Today we’d like to introduce you to LeAndrea Mack.

Hi LeAndrea, so excited to have you on the platform. So before we get into questions about your work-life, maybe you can bring our readers up to speed on your story and how you got to where you are today?
Honest answer? I didn’t plan any of this. If you’d shown me where I am now back when I was brand-new to the field, I’d have laughed and asked who you were talking about.

I started out in the room with patients, taking vitals, rooming people, the whole thing. And what stuck with me wasn’t the medical part. It was watching how scared people got the second money or insurance entered the conversation. Smart, capable grown adults suddenly looking like they’d been handed a pop quiz in a language they didn’t speak. I never forgot that.

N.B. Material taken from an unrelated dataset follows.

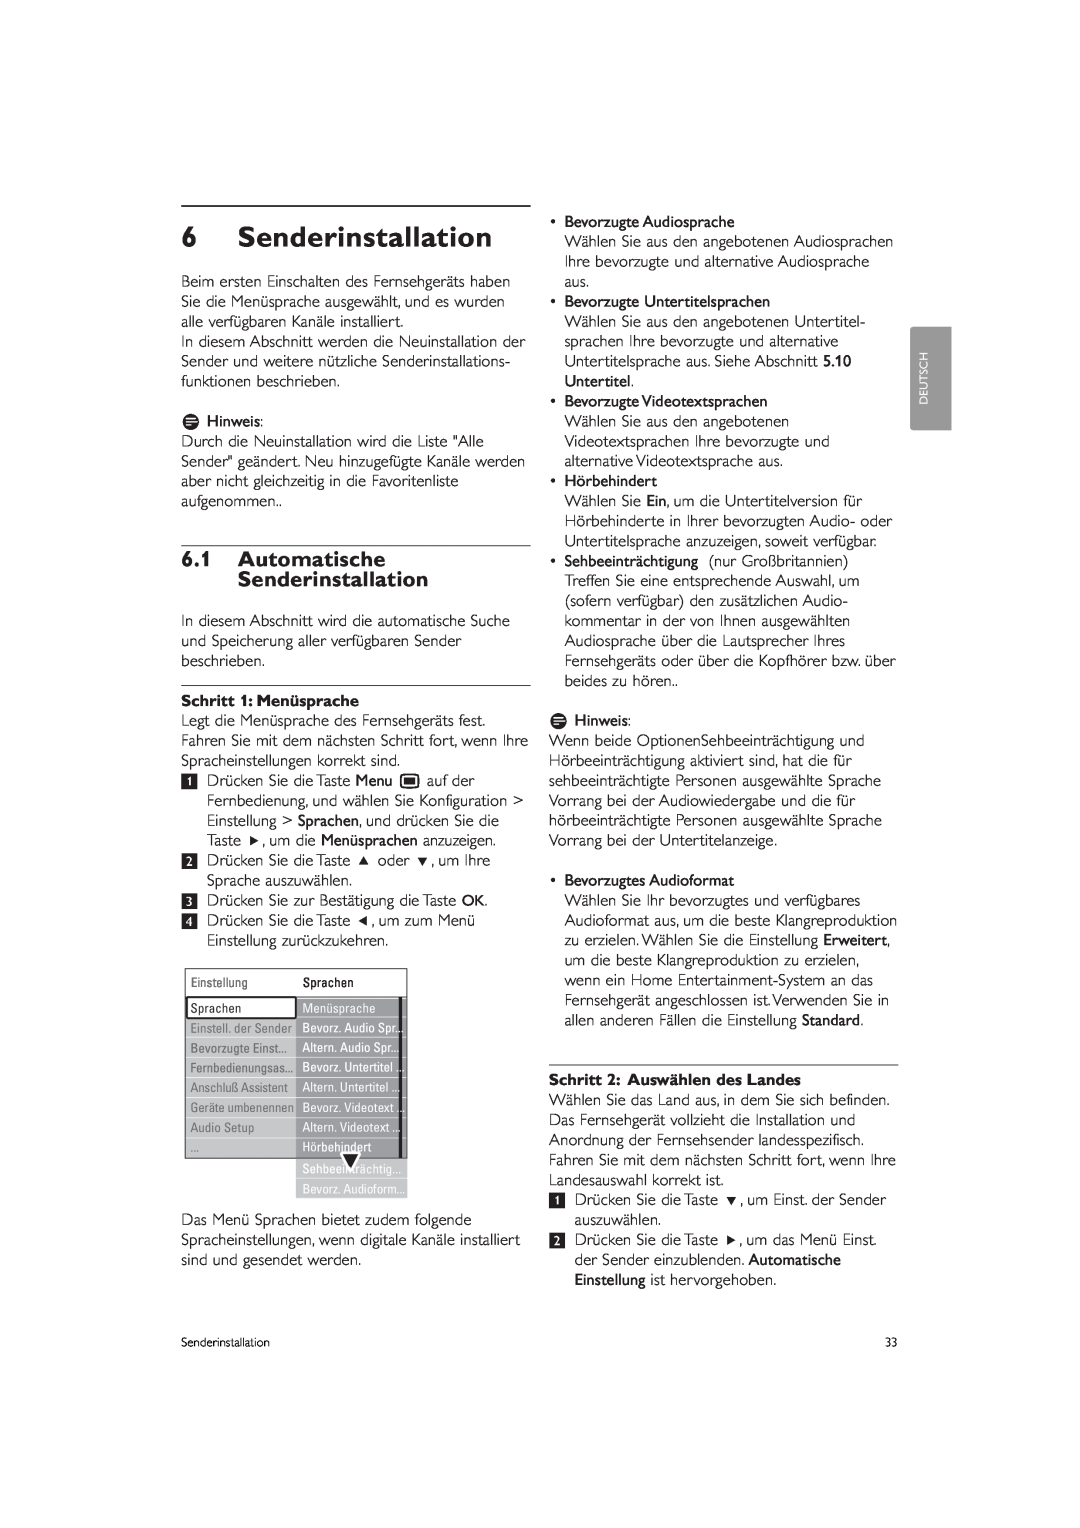 Philips 37PFL9903H/10 manual 6.1Automatische Senderinstallation, Schritt 1 Menüsprache, Schritt 2 Auswählen des Landes

So I kept following the thread. I moved into the behind-the-scenes side of healthcare: coding, auditing, the paperwork machinery that quietly decides what gets paid and what doesn’t. People assume that world is dry. To me it was like being handed the blueprints to a building everybody else has to wander around lost in. The more I understood how the system actually worked, the more I realized how few people ever get to see it.
Then life did the thing life does. Hit me with a bomb: I got diagnosed with lupus.

And suddenly I wasn’t just the person who understood the system. I was the person sitting in the chair, staring at a bill, feeling that exact fear I’d watched on other people’s faces years before. Knowing how it all worked didn’t make me immune to how overwhelming it felt. That humbled me in a way no class ever could.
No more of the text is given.